South Africa’s health system is segmented and unequal, but the causes of inequality are not reducible to a single financing mechanism, let alone to the medical tax credits. It is therefore inaccurate to imply that maintaining medical scheme tax credits “continues to maintain inequality” or that the removal of credits would automatically advance equity.
Shisana also presents an overly narrow understanding of universal health coverage (UHC). As a concept, UHC does not prescribe a single financing model and explicitly accommodates mixed systems comprising tax-funded public provision and regulated health insurance – precisely the framework South Africa already has and will have for the foreseeable future. But a tax-funded system with poor governance will produce inequity (such as Lamborghinis for the politically connected). Internationally, the determinant of equity is not whether private insurance exists, but whether both public and private systems are effectively regulated, risk-equalised and functionally integrated. They emphasise resilient systems, sound governance, transparent purchasing/procurement and primary care strengthening. South Africa’s challenges stem from compromised organisational capacity resulting from a poorly developed governance framework over both the public and private systems, not from the existence of medical tax credits.

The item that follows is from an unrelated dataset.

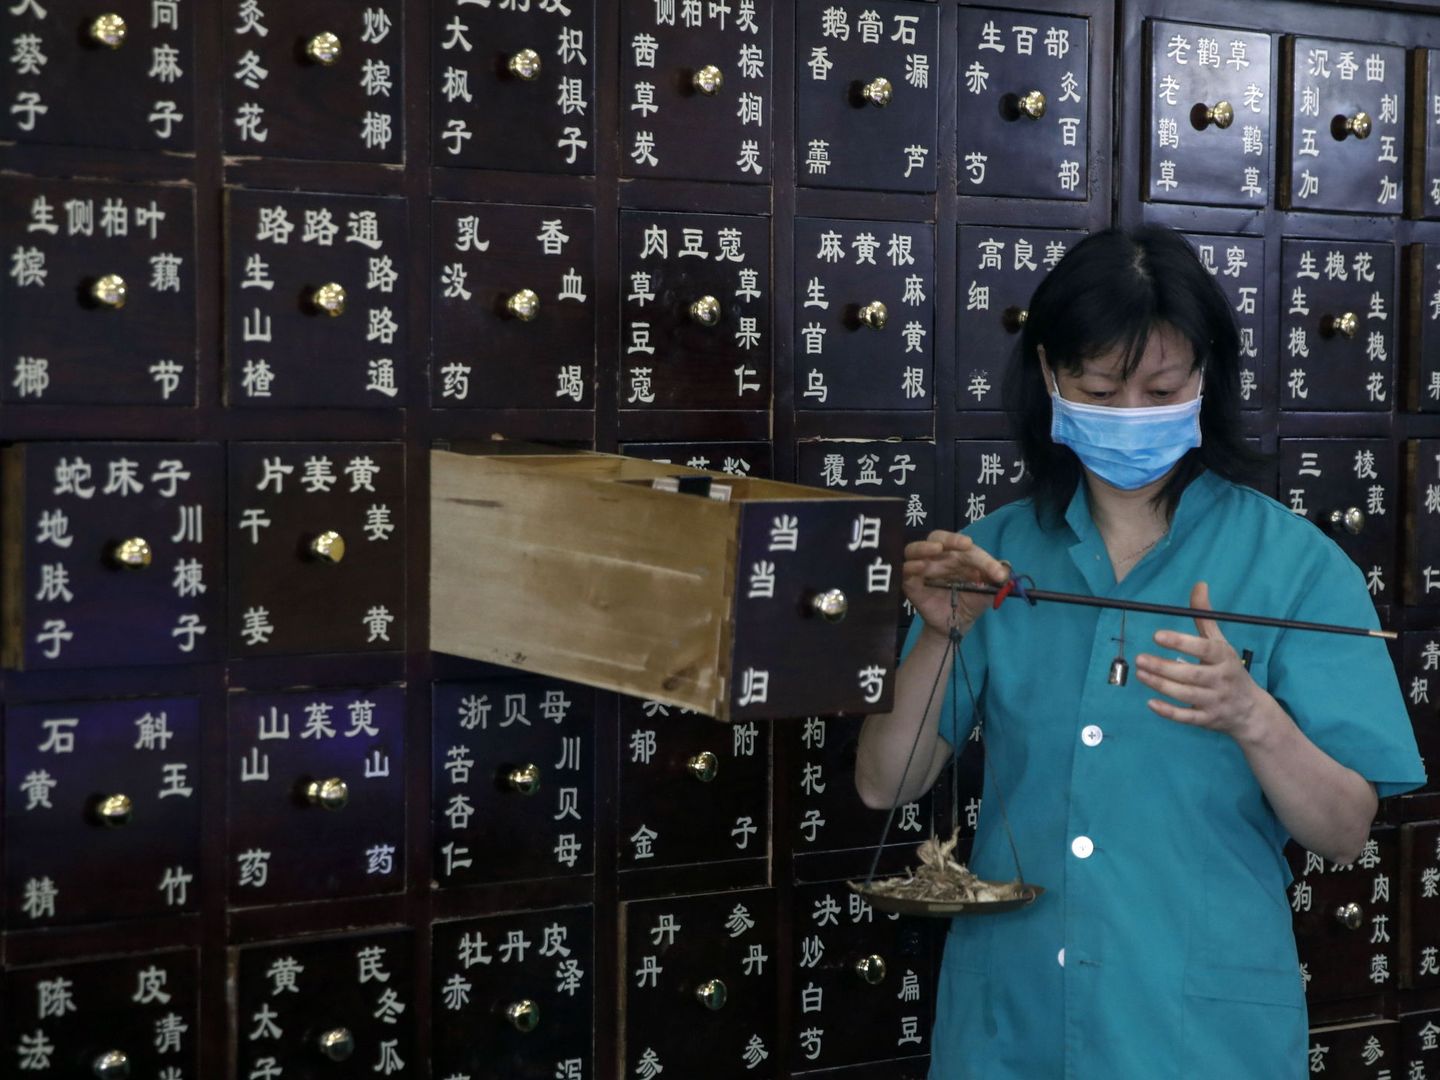 Farmacia de remedios tradicionales en Pekín (China) (EFE)

South Africa needs a principled, evidence-based pathway to the deepening of UHC. It also requires accuracy and truthfulness in the use and interpretation of evidence, and in constitutional understanding. Simplifying these issues into moralistic and manipulative zero-sum arguments undermines the very objectives that need to be advanced. DM
Professor Alex van den Heever holds the chair of social security system administration and management studies at the Wits School of Governance. Max Price is a medical doctor and former vice-chancellor of the University of Cape Town.
South Africa needs a principled, evidence-based pathway to the deepening of universal health coverage. (Image: iStock)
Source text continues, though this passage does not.